After finishing my tour in April 1959, I returned to reestablish my married life and career.  It was back to the accounting desk.  Within a year or so, I was transferred to the corporate headquarters in Toledo, Ohio.  While the military and intelligence services had operated mainframe computers since World War II, they were new to the business world.  Owens Corning Fiberglas had established a large computer center at their headquarters but was having difficulty obtaining the appropriate personnel to program and operate this new technology.   I found accounting really rather boring and repetitive and when a “cattle call” went out for anyone interested in learning how to write programs for these large (for the time) machines, I jumped at the chance and never looked back.


For the next thirty plus years I worked with data processing (later upgraded to be called Information Technology).  This ranged from writing computer programs in machine code to occupying management positions.  My work required a great deal of travel but by taking a few courses at a time, I was able to earn my MBA at the University of Toledo over a period of five years.
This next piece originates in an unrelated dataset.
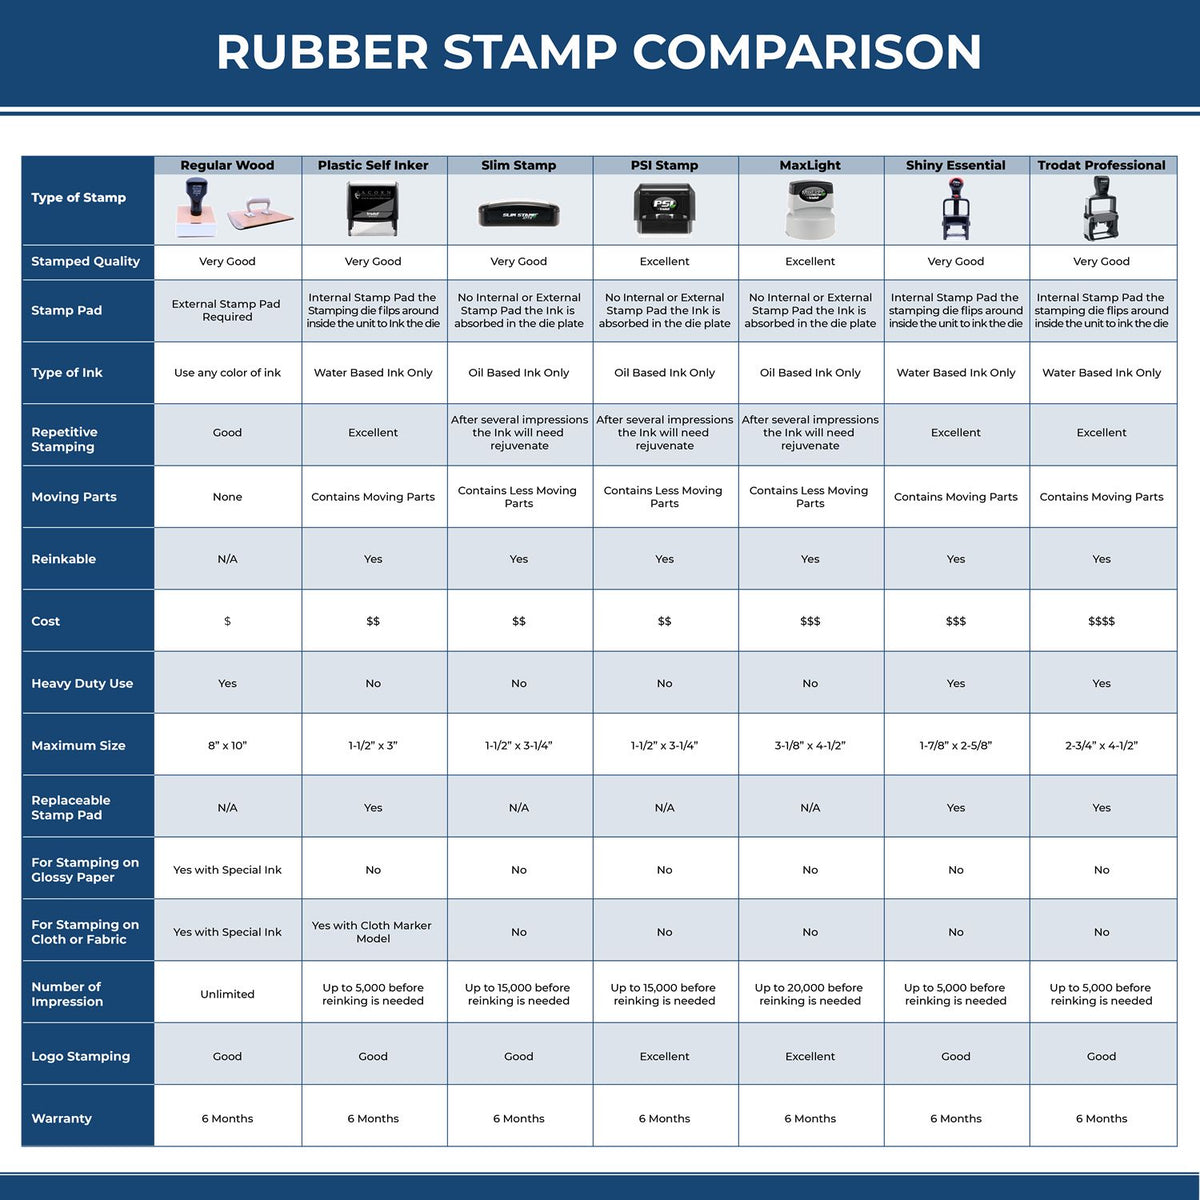 Your Insurance has Paid their Portion Rubber Stamp 4455R Rubber Stamp Comparison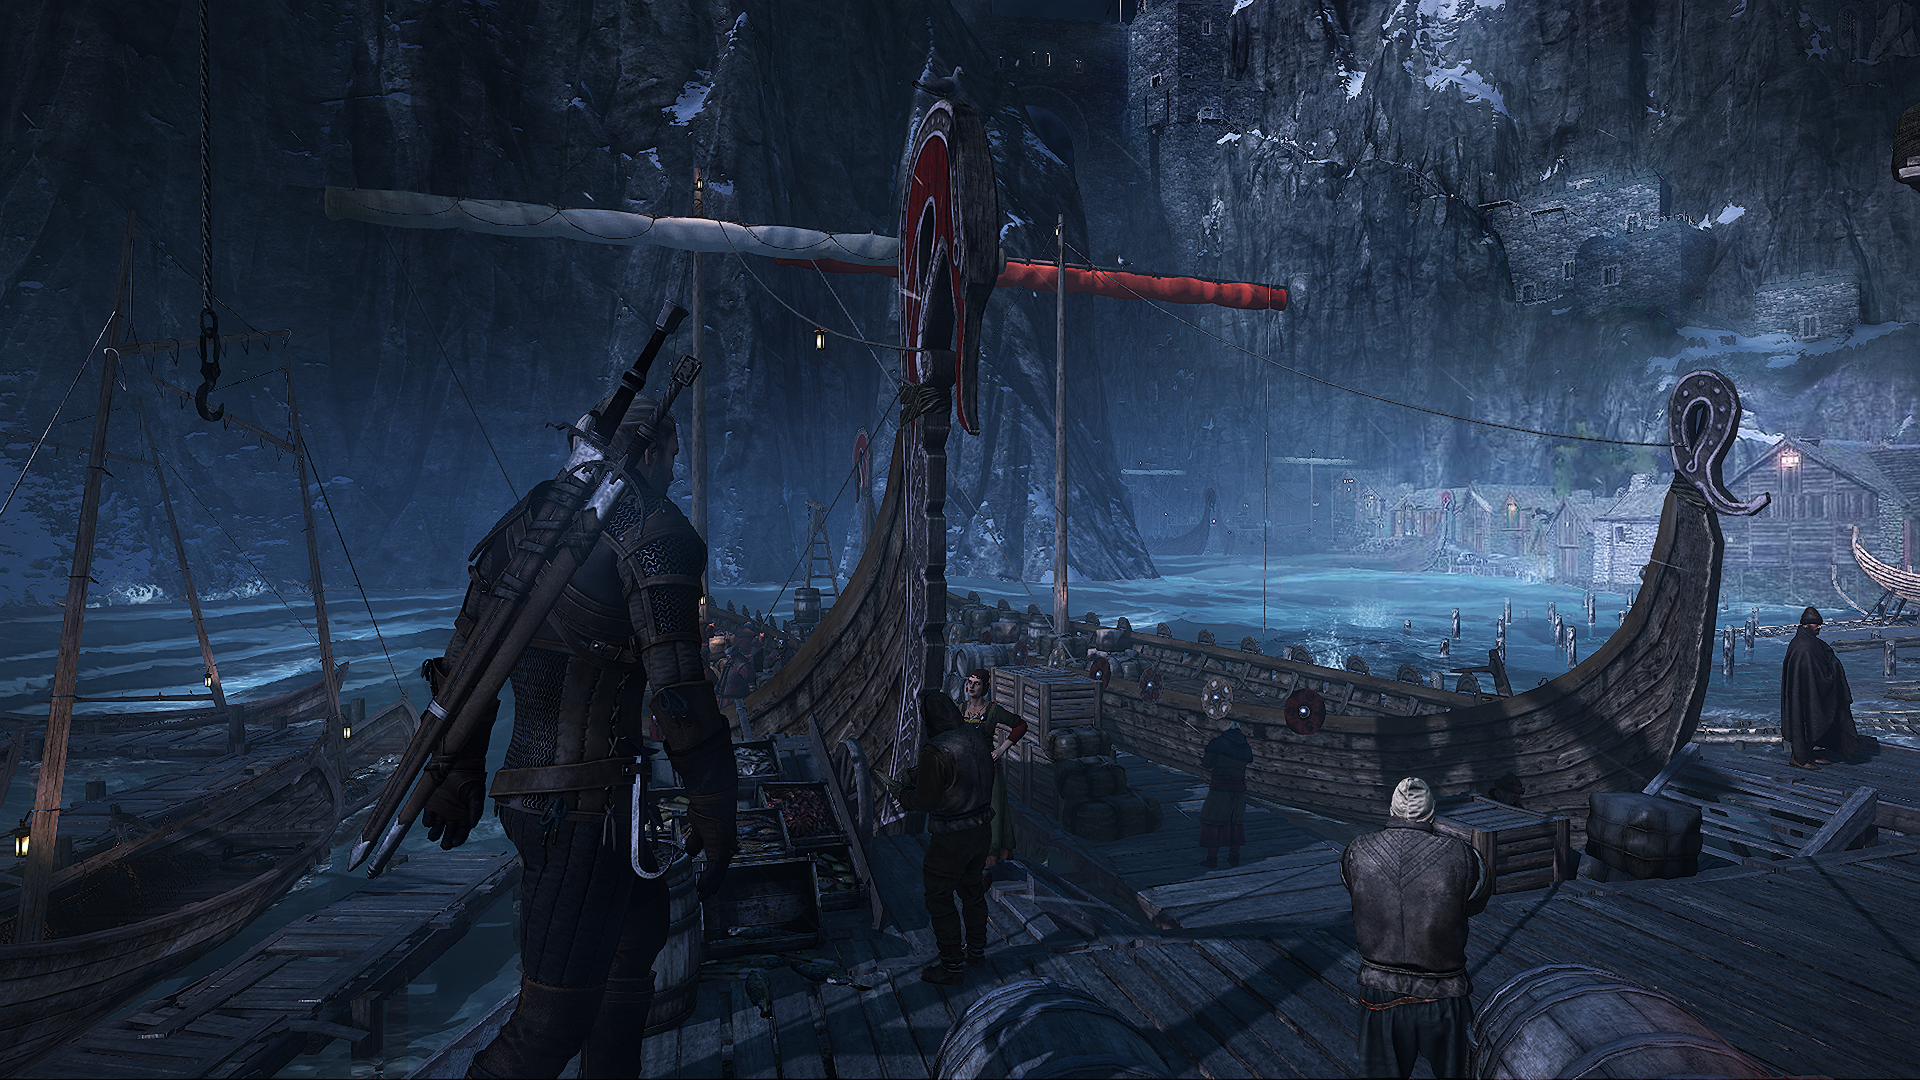 The Witcher 3: Wild Hunt | Docks: More boats. Year of the boat.

Along the way, I left OCF and joined a French firm, Schlumberger, Ltd. which was big in oil field services and the manufacture of electrical, gas and water meters.  Since Schlumberger was headquartered in Paris, My family and I were occasionally able to enjoy visiting our favorite city by combining business with pleasure.


Along the way, Elizabeth and I have been blessed with two daughters, a son and seven grandchildren, including a darling adopted granddaughter from Russia. We have lived in Kansas, Ohio and Michigan, ending up in South Carolina where I retired in 1998.  We live in a lovely small town, Simpsonville, near the foothills of the Blue Ridge Mountains.  For more than three decades we lived in a small university town (Clemson, SC) where others visit for college football, vacation or move to in retirement. I am now enjoying reading and such while occasionally trying to gain a few of the personal computer skills that my older grandchildren long ago mastered. 


Providing technical support for the Berliner Kamraden web site has been a great pleasure.